The Schmidt Family Foundation
- Now discontinued logo of Schmidt Family Foundation's operation
- Formation: 2006 (20 years ago)
- Founder: Eric Schmidt; Wendy Schmidt;
- Type: 501(c)(3) tax exempt private foundation
- Tax ID no.: 20-4170342
- Location: Palo Alto, California, United States;
- President: Wendy Schmidt
- Affiliations: Schmidt Sciences; Schmidt Ocean Institute; 11th Hour Racing; Remain;
- Revenue: $105,150,835 (2021)
- Expenses: $124,965,500 (2021)
- Website: theschmidtfamilyfoundation.org

= Schmidt Family Foundation =

American private foundation

The Schmidt Family Foundation is a private foundation created in 2006 by Eric Schmidt, the executive chairman of Google, and his wife Wendy Schmidt, to address issues pertaining to sustainability and the responsible use of natural resources.

== History and assets ==

The foundation was established in 2006 by Eric and Wendy Schmidt, with assets valued at over $1 billion, which included $307 million in Google Class A stock.

== Focus area ==

The foundation is focused on the application of new knowledge and innovation and advancement original research in science, energy, and biosphere sustainability, often in collaboration with other organizations. Its initial specific focus areas are environmental preservation and education.

== Programs and grants ==

Since 2006, the Foundation has made grants to organizations, including the Energy Foundation, the California Academy of Sciences, the Regeneration Project, the Columbia Center for Children’s Environmental Health, Green for All, Grist magazine, the Center for Investigative Reporting, the Environmental Media Association, and the Precourt Institute for Energy at Stanford University.

Between 2006 and 2011, it made a five-year grant of $1 million per year to the Natural Resources Defense Council.

It has supported several Schmidt family projects. In 2010, it made a $1 million grant to the Marine Science and Technology Foundation, a private operating foundation founded in 2010 by Eric Schmidt.

The 11th Hour Project was founded by Wendy Schmidt in 2005, and operates as part of the foundation. It works to raise awareness about climate change and renewable energy sources, and operates as part of the foundation. The project awards various grants and helped distribute the documentary film An Inconvenient Truth. It also provided initial operating budget for the nonprofit news organization Climate Central.

ReMain Nantucket, formed in 2007, is a wholly owned subsidiary of the foundation, dedicated to the economic, social, and environmental vitality of downtown Nantucket, Massachusetts.
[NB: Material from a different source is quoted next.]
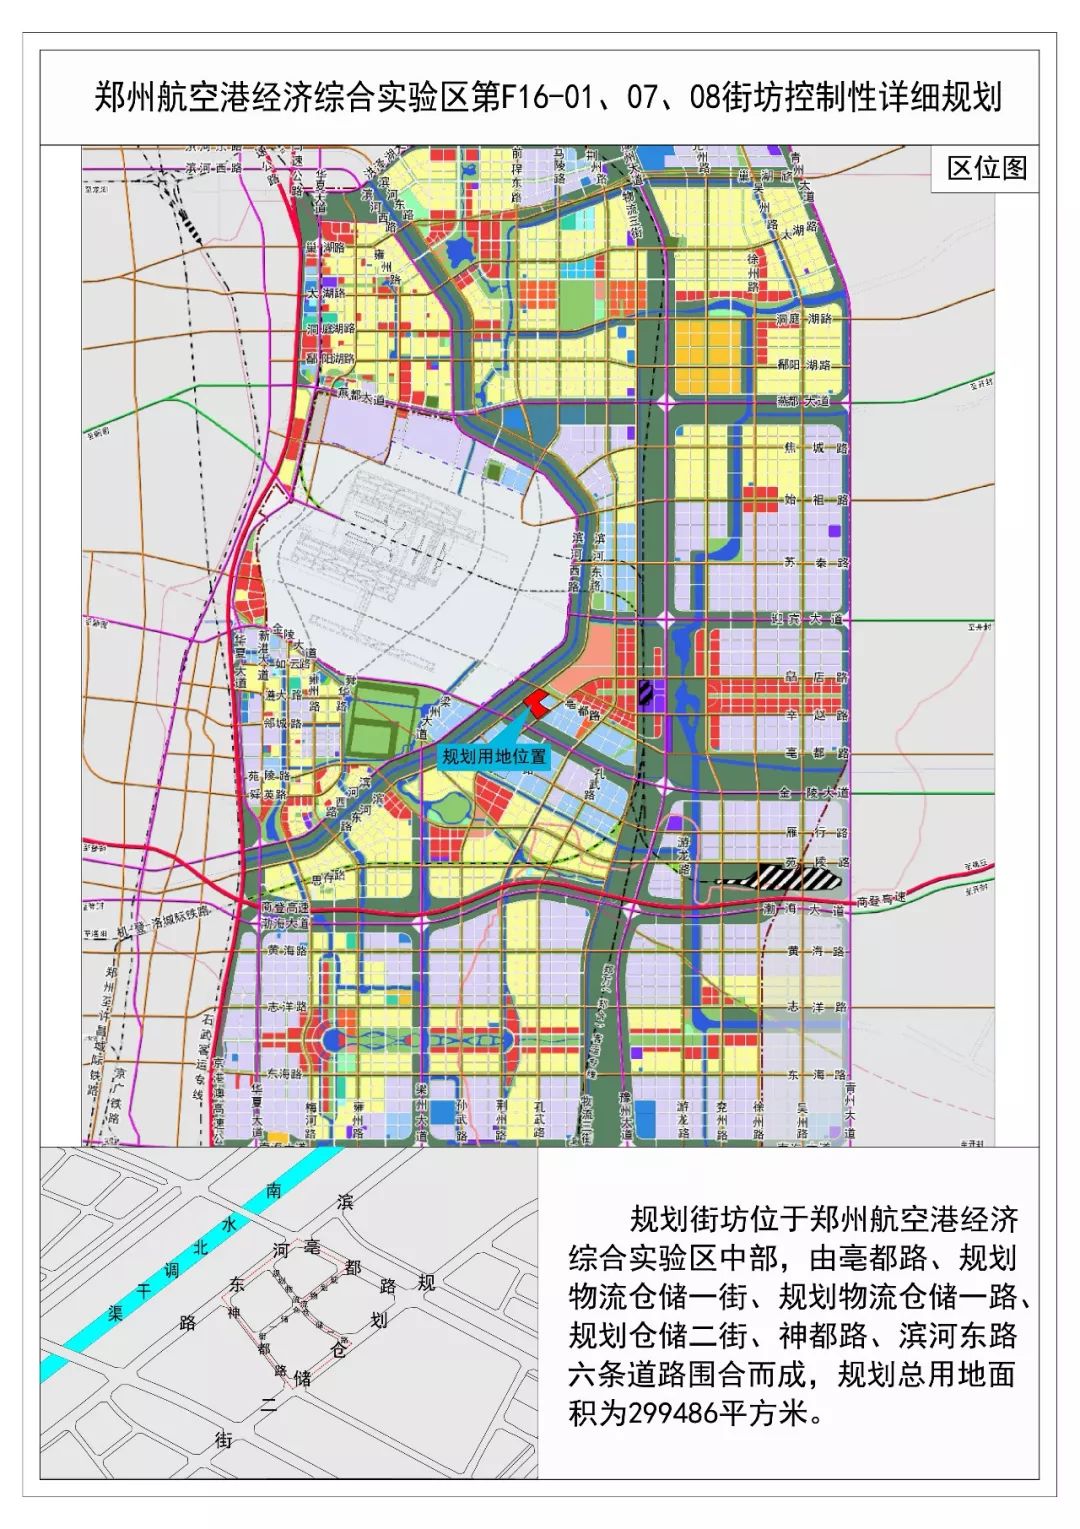 7个片区5036亩郑州航空港区北中南部均出新规划

The Schmidt Ocean Institute founded in 2009, is a separate private foundation established by Eric and Wendy Schmidt, that has received grants from the Schmidt Family Foundation for acquiring and operating the Institute’s oceanographic research vessels, including the Falkor.

The Foundation has provided support for the Wendy Schmidt Oil Cleanup X Challenge. a challenge award offered by the X Prize Foundation for efficient capturing of crude oil from ocean water, inspired by the Deepwater Horizon oil spill. It was announced in July 2010, and $1.3 million in prizes, were awarded in October 2011. It also supports the $1.5 million Wendy Schmidt Ocean Health X Prize for work on ocean acidification.

In March 2013, the Foundation and the Ellen MacArthur Foundation launched the Schmidt-MacArthur Fellowship, a global fellowship program for developing the skills and innovative mindset needed for the circular economy.

In 2020, Sophie Schmidt, daughter of Eric Schmidt and Wendy Schmidt, stated that Rest of World, a nonprofit news organization, has received 6 million dollars from her family trust. She also indicated that she would spend $60 million on Rest of World over the next decade to fund its operations. Rest of World is an American nonprofit publication that covers technology stories from outside Western countries. It was launched in 2020 by Sophie Schmidt.

In 2024, the Foundation provided a founding investment to its former chief innovation officer Tom Kalil for the founding of Renaissance Philanthropy, a new organization dedicated to increasing philanthropic funding for science and technology.